It delivers a comprehensive solution for collecting, analyzing, and acting on telemetry from your cloud and on-premises environments. This information helps you understand how your applications are performing and proactively identify issues that affect them and the resources they depend on.

States: - Alert State: set by user such as admin - Monitor state: Set by system

Log Analytics Workspace

A Log Analytics workspace is a unique environment for log data from Azure Monitor and other Azure services, such as Microsoft Sentinel and Microsoft Defender for Cloud. The connected sources, configuration, and the repository are managed per workspace.

Logs

  • Its an event-based data. Example: Syslog in Linux is an example of a log, as the log data is not consistent and the format may vary from source to source.
  • Free form or structured
  • Stored in logs analytics workspace
  • Analysis via Kusto Query Language (KQL): The first step in writing queries is to understand which table contains the information you need. Some examples include Event, Syslog, Heartbeat, and Alert.
View error events from a table named Event using 3 methods
search in (Event) "error"

Event | search "error"

Event | where EventType == "error"
query perf table
Perf 
| summarize AggregatedValue = count() by CounterPath
Count of agent nodes that are sending a heartbeat each day in the last month
Heartbeat 
| where TimeGenerated > startofday(ago(31d))
| summarize nodes = dcount(Computer) by bin(TimeGenerated, 1d)    
| render timechart

Log Analytics

A service for aggregating the log data in a single pane so that it can be analyzed, visualized and queried via KQL

Agents

Azure Monitor Agent (AMA) collects monitoring data from the guest operating system of Azure and hybrid virtual machines and delivers it to Azure Monitor for use

  • Windows agents
  • Linux agents

Cost control using agents

With the help of the agents configuration, you will be able to declare what logs you want to collect using the agents and what level of logging information you need. In this way, you will have granular control over what is getting ingested into your workspace.

Various logs used are:

  • Windows Event Logs: This helps you to select which event log items you want to ingest to the workspace
  • Windows Performance Counters: You can select performance counters of Windows servers and the sample rate.
  • Linux Performance Counters: These are performance counters for Linux servers and their sample rate.
  • Syslog: Control which facilities in Syslog you want to ingest.
  • IIS Logs: This enables collection of W3C format log files from IIS server.

DCR

Azure Monitor Agent uses data collection rules (DCR), where you define which data you want each agent to collect. Data collection rules let you manage data collection settings at scale and define unique, scoped configurations for subsets of machines. You can define a rule to send data from multiple machines to multiple destinations across regions and tenants.

Data retention

Data in each table in a Log Analytics workspace is retained for a specified period of time after which it's either removed or archived with a reduced retention fee.

Activity log

With the help of an activity log, you can get insights into different operations occurring at the subscription level.

Categories

As Azure Activity Log is a subscription-wide logging system, Azure has divided the logs ingested into different categories.

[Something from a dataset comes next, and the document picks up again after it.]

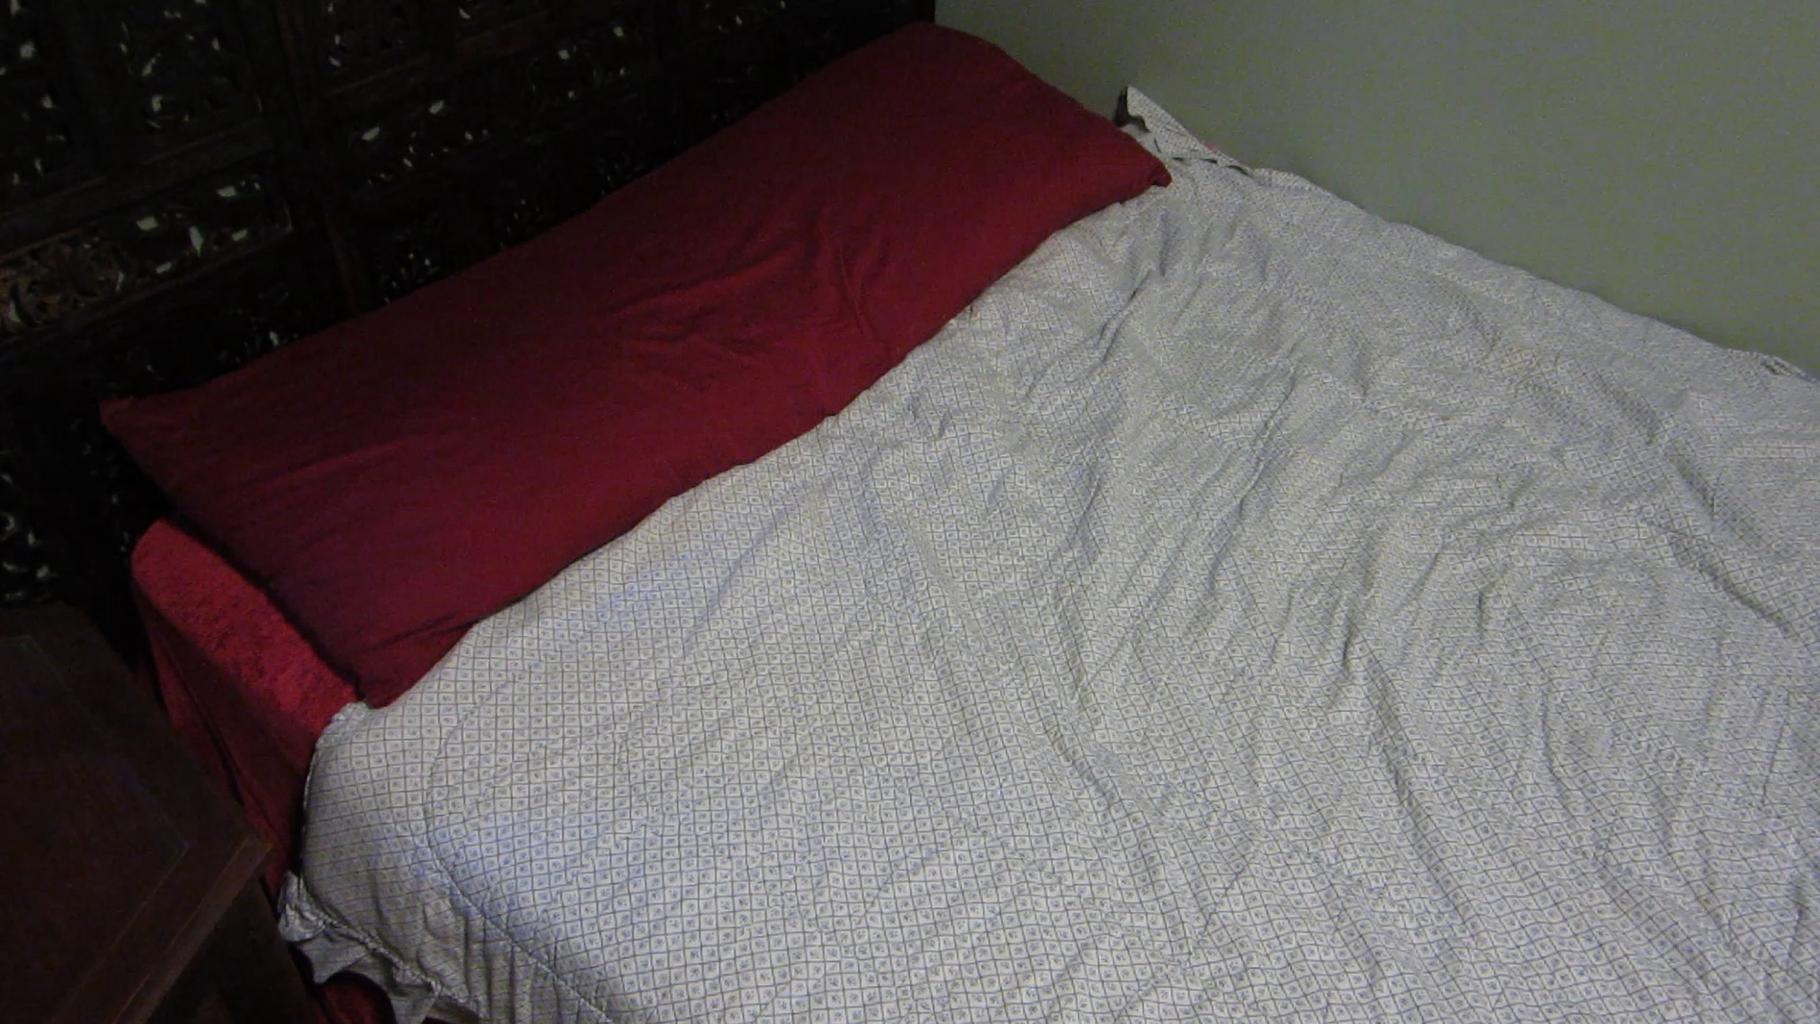 Prewarmed Bed

  • Administrative: Contains the record of all create, update, delete, and action operations performed through Resource Manager. Examples of Administrative events include create virtual machine and delete network security group.
  • Service Health: Contains the record of any service health incidents that have occurred in Azure. An example of a Service Health event SQL Azure in East US is experiencing downtime.
  • Resource Health: Contains the record of any resource health events that have occurred to your Azure resources. An example of a Resource Health event is Virtual Machine health status changed to unavailable.
  • Alert: Contains the record of activations for Azure alerts. An example of an Alert event is CPU % on myVM has been over 80 for the past 5 minutes.
  • Autoscale: Contains the record of any events related to the operation of the autoscale engine based on any autoscale settings you have defined in your subscription. An example of an Autoscale event is Autoscale scale up action failed.
  • Recommendation: From advisor
  • Security: This includes any security alerts generated by Azure Defender for Servers.
  • Policy: Whenever Azure Policy is evaluated, the effect action will be logged in this category.

Metrics

Metrics are numerical values that are ingested from Azure resources used to represent the state of the system at a particular point in time.

Metric Example

For a virtual machine, the metrics available will be CPU Percentage, Network In, Network Out, Memory, etc. On the other hand, if you take a storage account, the available metrics will be Number Of Requests, Number Of Failed Requests, Number Of API Calls, etc.

  • Short time based data.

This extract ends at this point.